Испуганно жались к офицерам сестры милосердия. Рядом с ними вертела свой фотографический аппарат молоденькая иностранка, приписанная к тактической группе, информаторша Гроя. Она была из Ваулинглы и ничего не понимала в происходящем.
Ополченец ударял себя кулаком в грудь, с большим размахом, но не очень гулко:
– Я в ополчение не записывался! Как было в старину? – сами вызывались. Кто охоч до чужой драки, тот и ступай в ополчение, дерись за князя! Ишь, придумали чего: всех силком брать! Мне с вехтами делить нечего, мой огород завсегда при мне. И другого огорода мне не надо, это ты проливы и острова океанские с иностранцами не поделил.

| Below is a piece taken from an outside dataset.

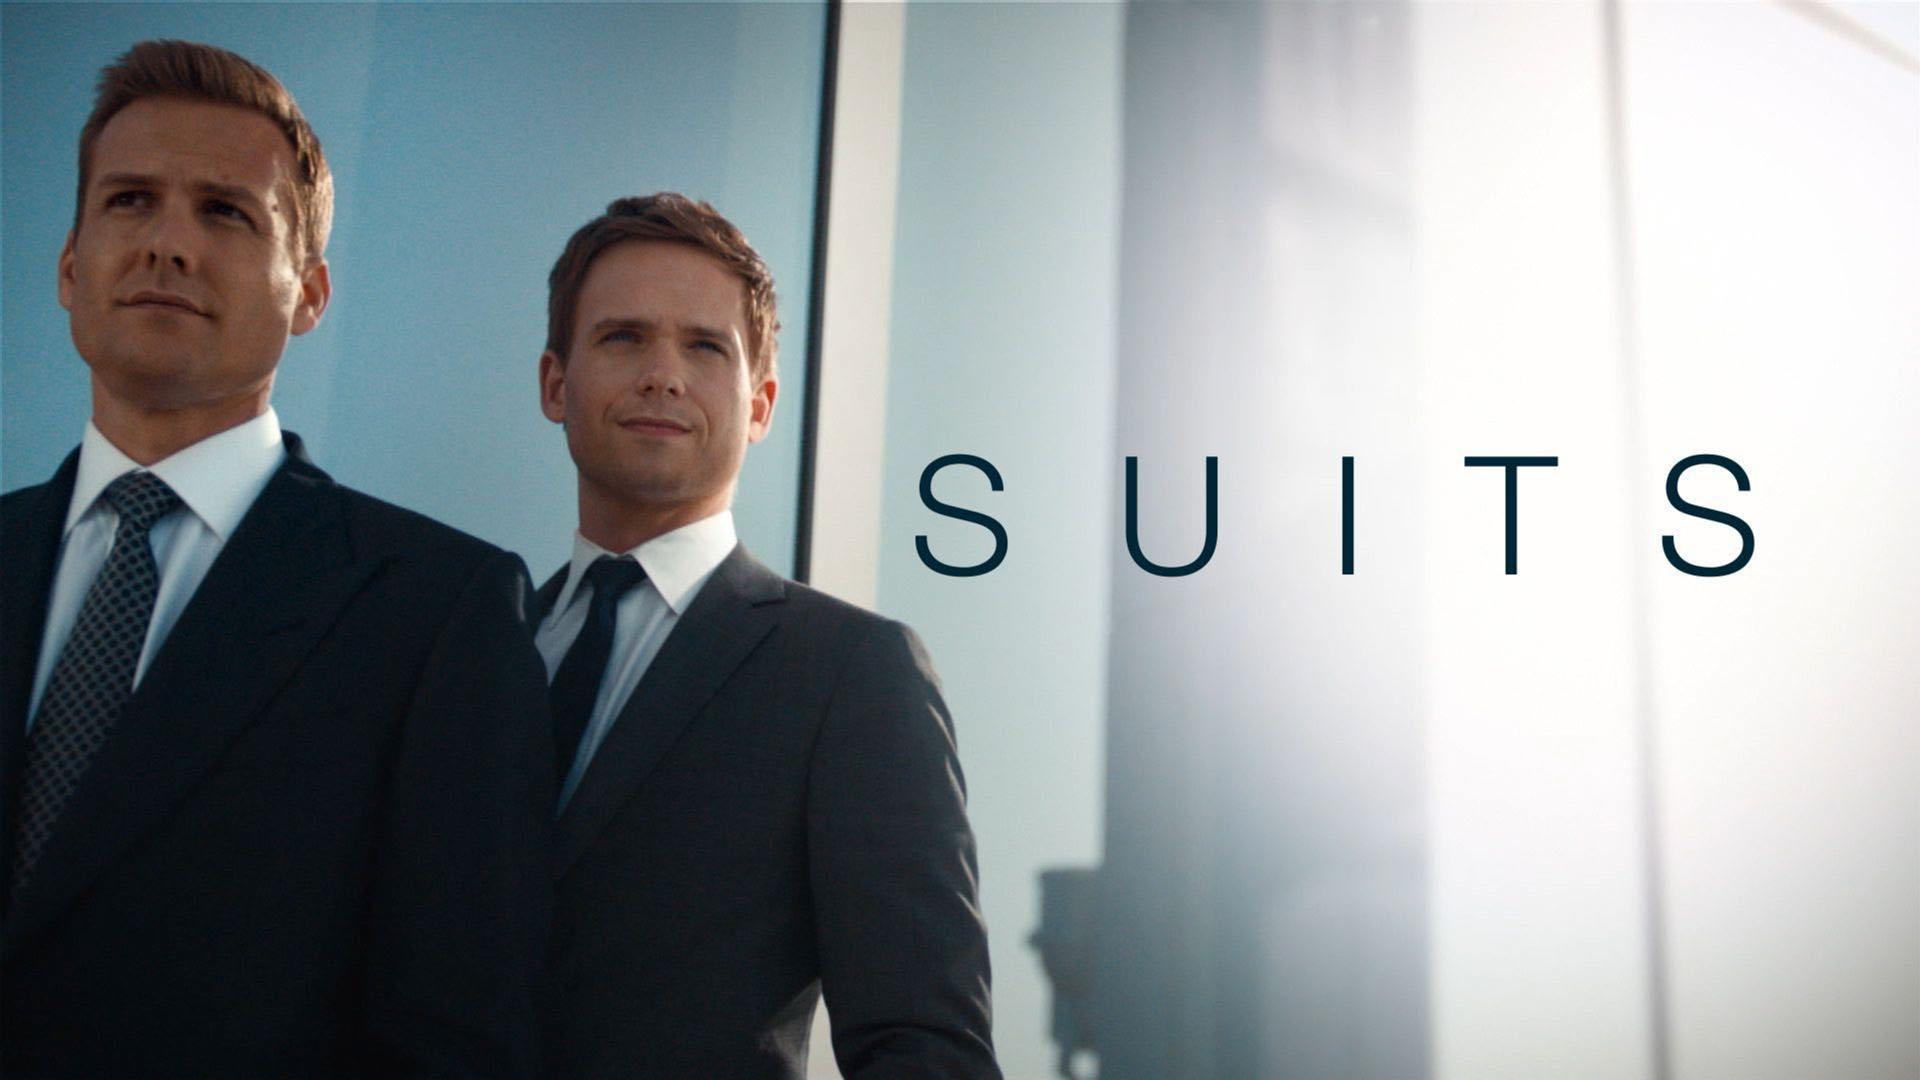 Suits - W garniturach tapeta4
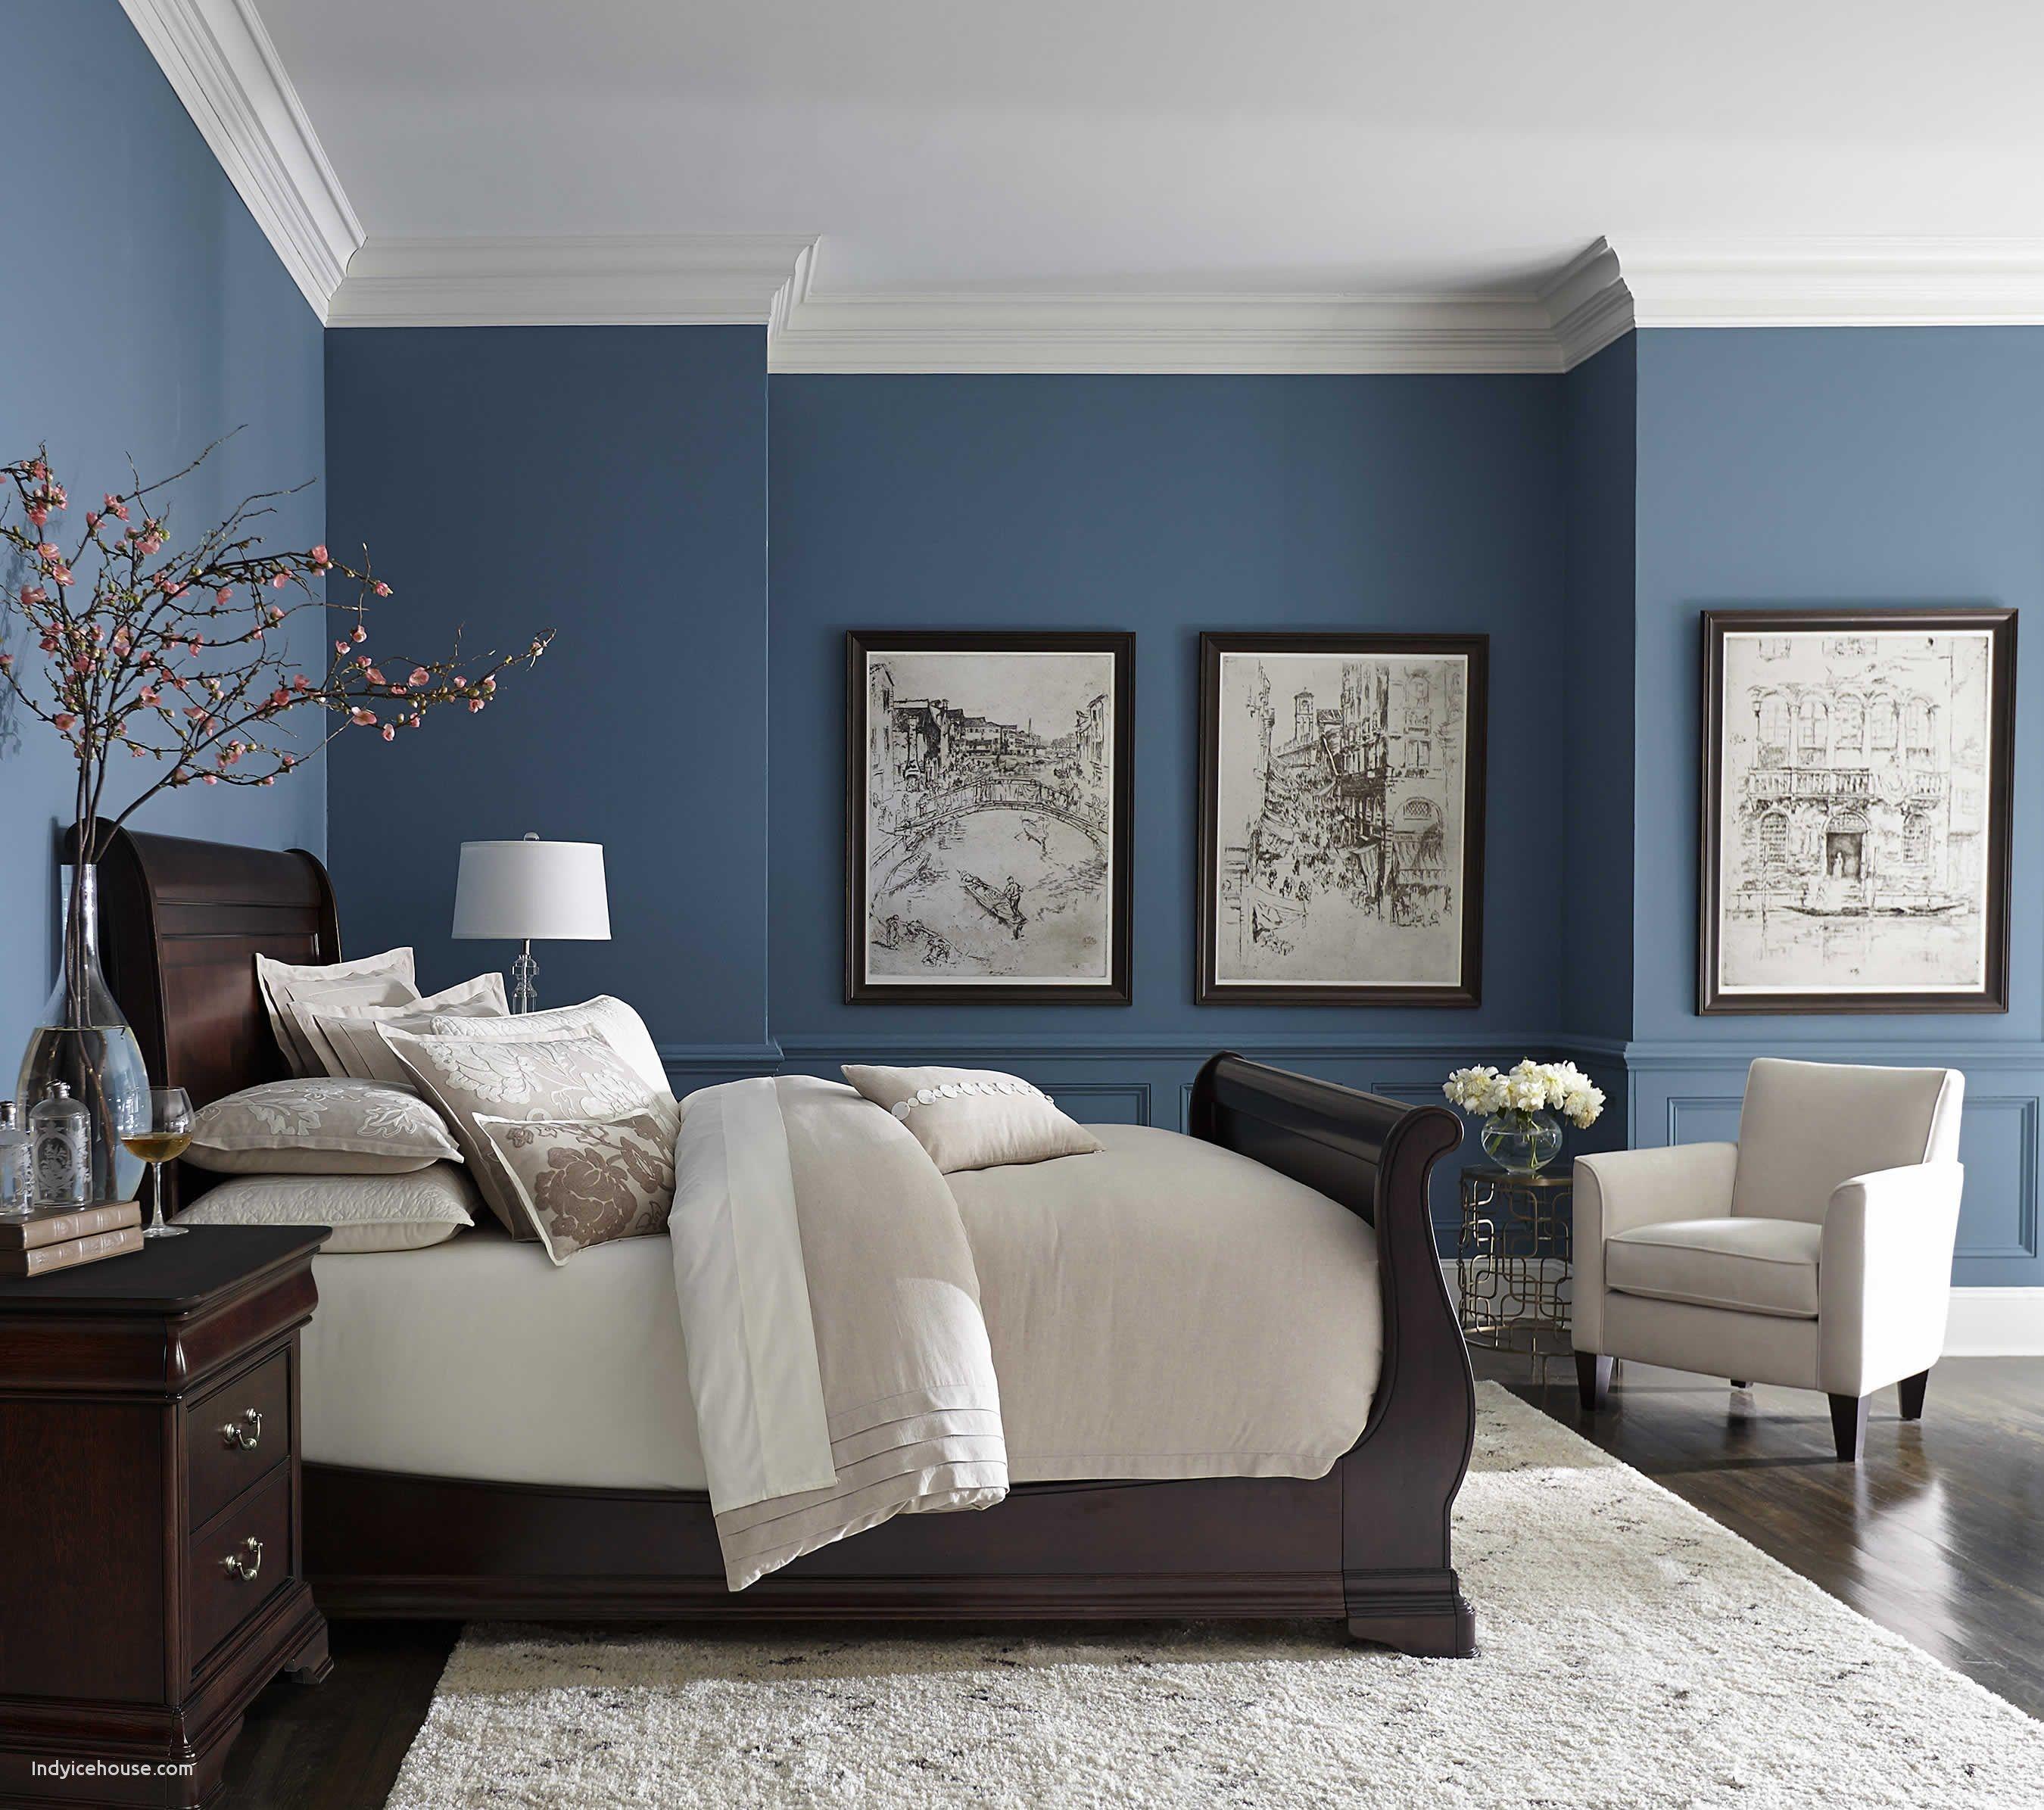 2018 Bedroom Wall Colors With Light Brown Furniture Desain Interior Interior Ide Kamar Tidur

Озёр и лесов тебе мало! Лугов и полей мало! Ты эти-то сперва выкоси и вспаши! Эвон, пол-Сахтаръёлы пустует! И когда только подавитесь от жадности?! Нашей кровью новые привилегии нарисовать на мече решил? Сыночку? А нам кто за нашу кровь пролитую напишет привилегию? «Спасибо, орлы!» – вот и вся привилегия. Хотя бы «гусем» или «селезнем» назвали для разнообразия! Себе всякое-разное записываете, всё имения да угодья… Луга! Озёра! Теперь острова тебе понадобились! Проливы в океан! Тесно тебе в Сахтаръёле твоей! Да мне на эти проливы… Братцы! На кой нам эти острова сдались?! Океан броненосными кораблями пугать? Ты своё имение обустрой, чтоб людям в нём жилось припеваючи, не дразни соседа проливами да островами!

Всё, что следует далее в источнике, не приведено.